As software grows in size and complexity, the time and complexity of building (compiling, linking, testing) these applications has grown as well, and today's developers are faced with increasingly slow builds of hours to days per application.  Moreover, sometimes tests fail, in turn causing the builds fail, often times non-deterministically, after having run for a long time. These slow and flaky test executions hurt programmer agility, as the frequency with which code can be built and tested directly impacts the productivity of developers: longer build times mean a longer wait before determining if a change to the application being built was successful. Moreover, flaky tests (which can pass or fail non-deterministically) can make debugging those failed tests even more complicated, since a developer can’t assume that the cause of a test failure is tied to their recent change.
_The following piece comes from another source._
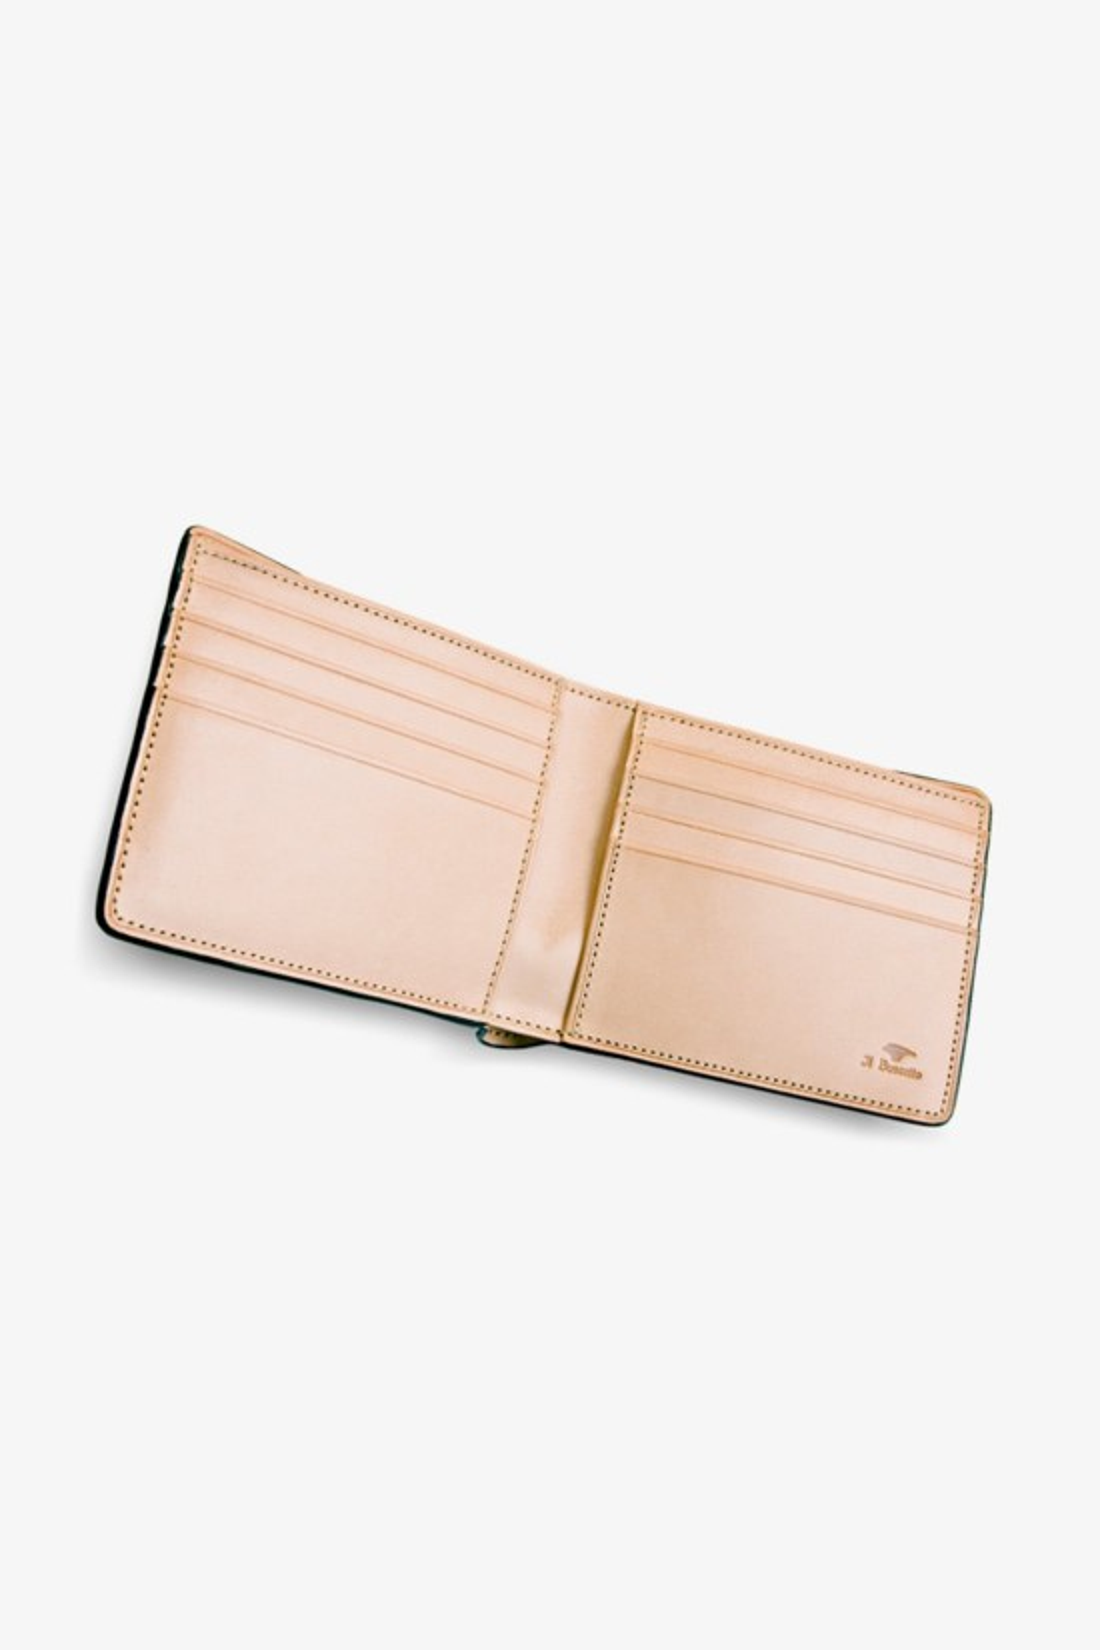 IL BUSSETTO / Bi-fold wallet w/ 8 card slots Black

In this talk, I will present some of my recent research in accelerating test executions and detecting flaky tests, allowing developers to significantly accelerate their test executions.

Bio

Jon is an Assistant Professor directing research in Software Engineering and Software Systems at George Mason University. His research makes it easier for developers to create reliable and secure software by improving software testing and program analysis. Jon's work on accelerating software testing has been recognized with an ACM SIGSOFT Distinguished Paper Award (ICSE '14 - Unit Test Virtualization with VMVM), and was the basis for an industrial collaboration with Electric Cloud (now CloudBees). His program analysis research has resulted in several widely adopted runtime systems for the JVM, including the Phosphor taint tracking system (OOPSLA '14) and CROCHET checkpoint/rollback tool (ECOOP '18). His research has been funded by the NSA and the NSF, and he is the recipient of the NSF CAREER award. At George Mason, Jon teaches courses in distributed systems, web development, and program analysis. His teaching at GMU has been recognized with a departmental award. Jon serves on a variety of program committees, and in 2020 will be the Co-Chair of the PLDI Artifact Evaluation Committee. As part of his efforts to broaden the participation of underrepresented groups in computing, Jon co-organizes the PL/SE mentoring workshop at SPLASH (in 2017, 2018, 2019 and 2020).